The name Dundas comes from the Gaelic dùn deas, meaning "south hill" or "pretty hill". In the 11th century, the lands of Dundas, along with other land in Lothian, were granted by King Malcolm Canmore to paternal first cousin Gospatrick, the earl of Northumbria, who had come north to escape William the Conqueror. The lands of Dundas passed to his great-grandson Waldeve, who granted them to his kinsman Helias in a charter dating from around 1180. Helias took his surname from his lands, becoming the first of the Dundas family.
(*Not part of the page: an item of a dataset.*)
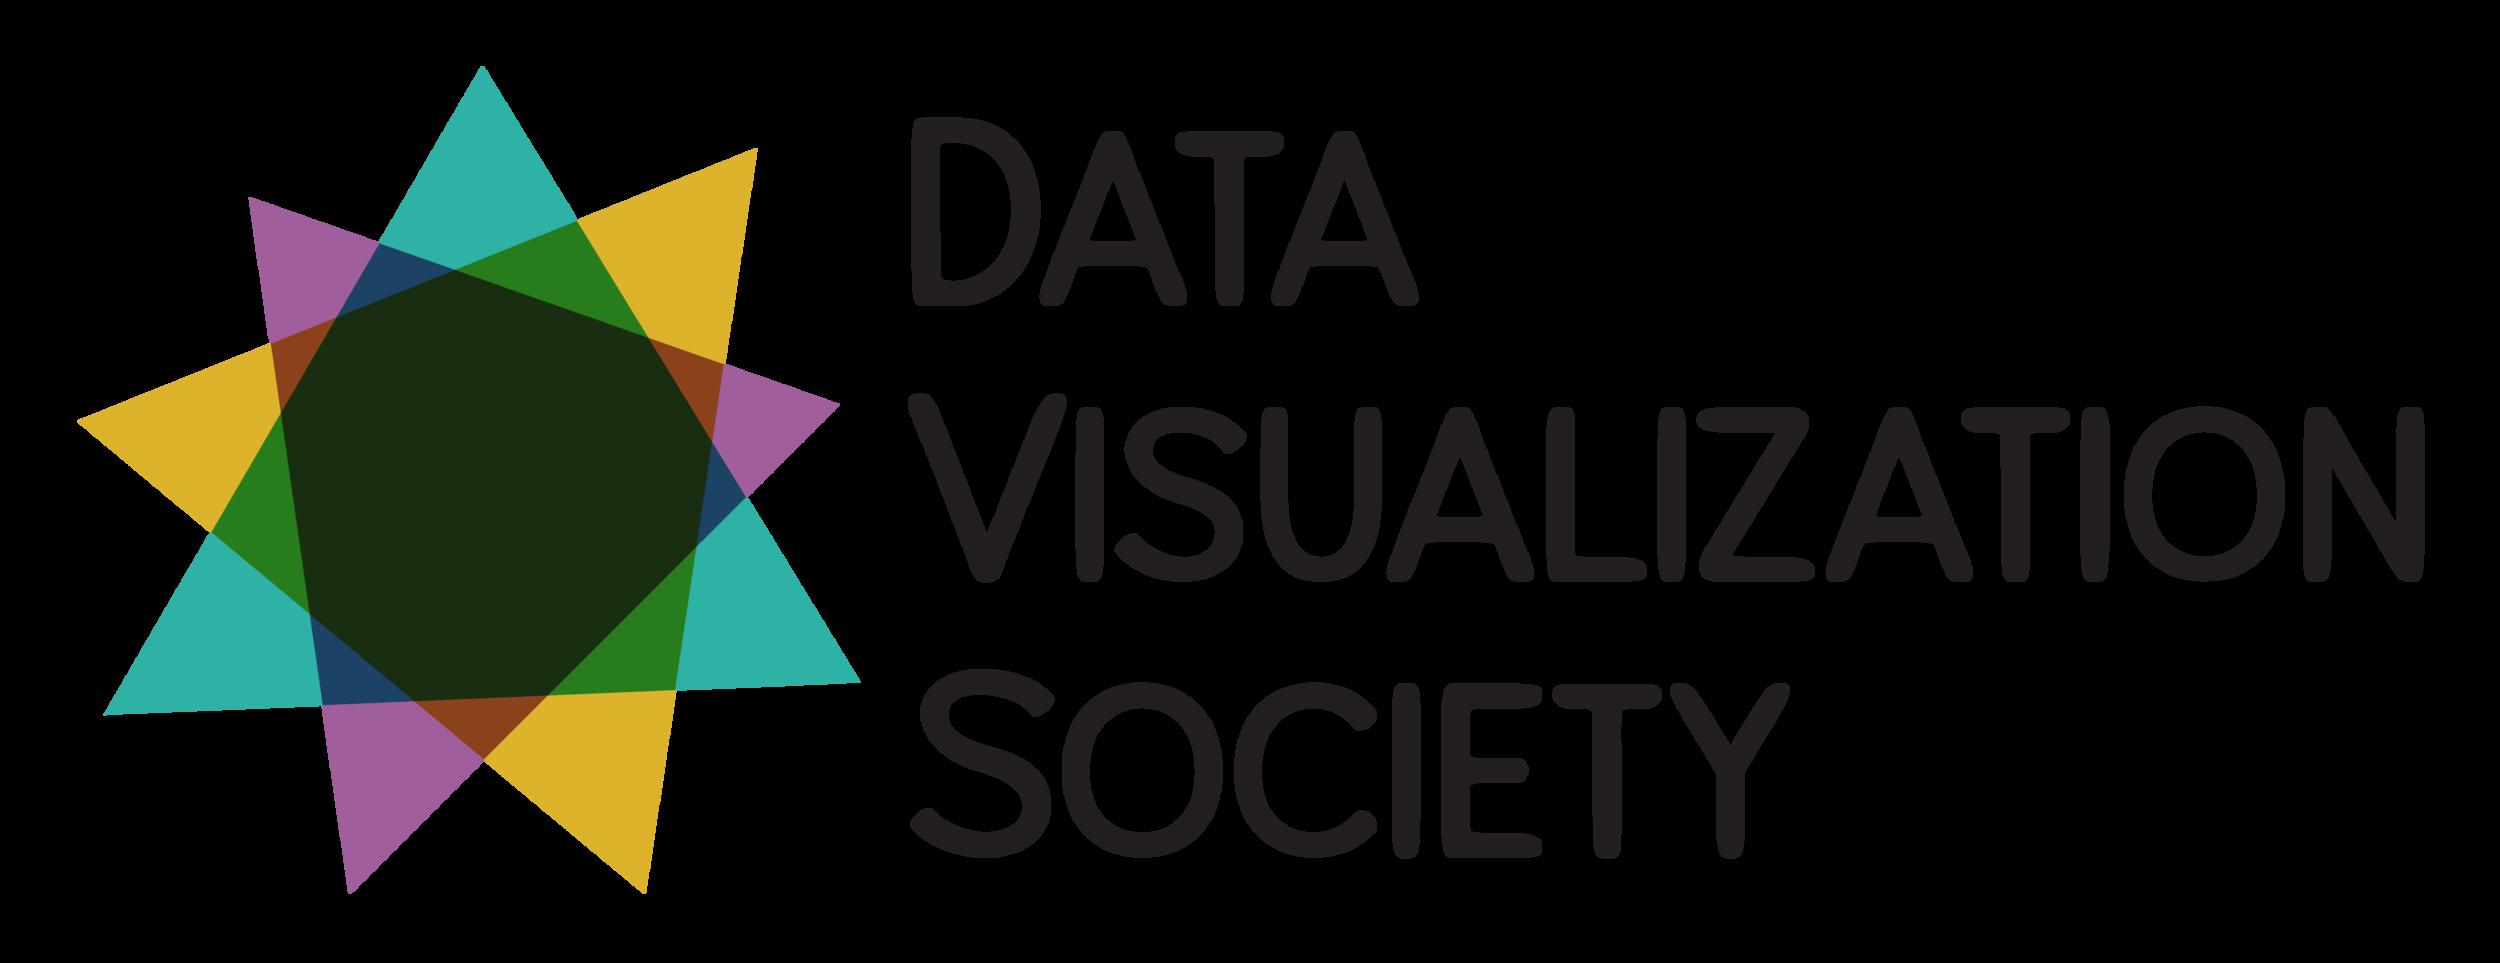 Data Visualization Society main logo

The Dundases and their cadets would later come to own much of Mid and West Lothian.

In 1416, James Dundas obtained a licence from the Duke of Albany (then the effective ruler of Scotland) to build a keep. This keep was extended in 1436, making it into an L-plan. The Keep served both as a home in times of peace and a fortress in times of war. Regent Arran gave a tip to workmen building the "Place of Dundas" in July 1544. On 13 August 1553 in the great hall, James Dundas gave his infant daughters Elizabeth and Jane gifts of silver plate.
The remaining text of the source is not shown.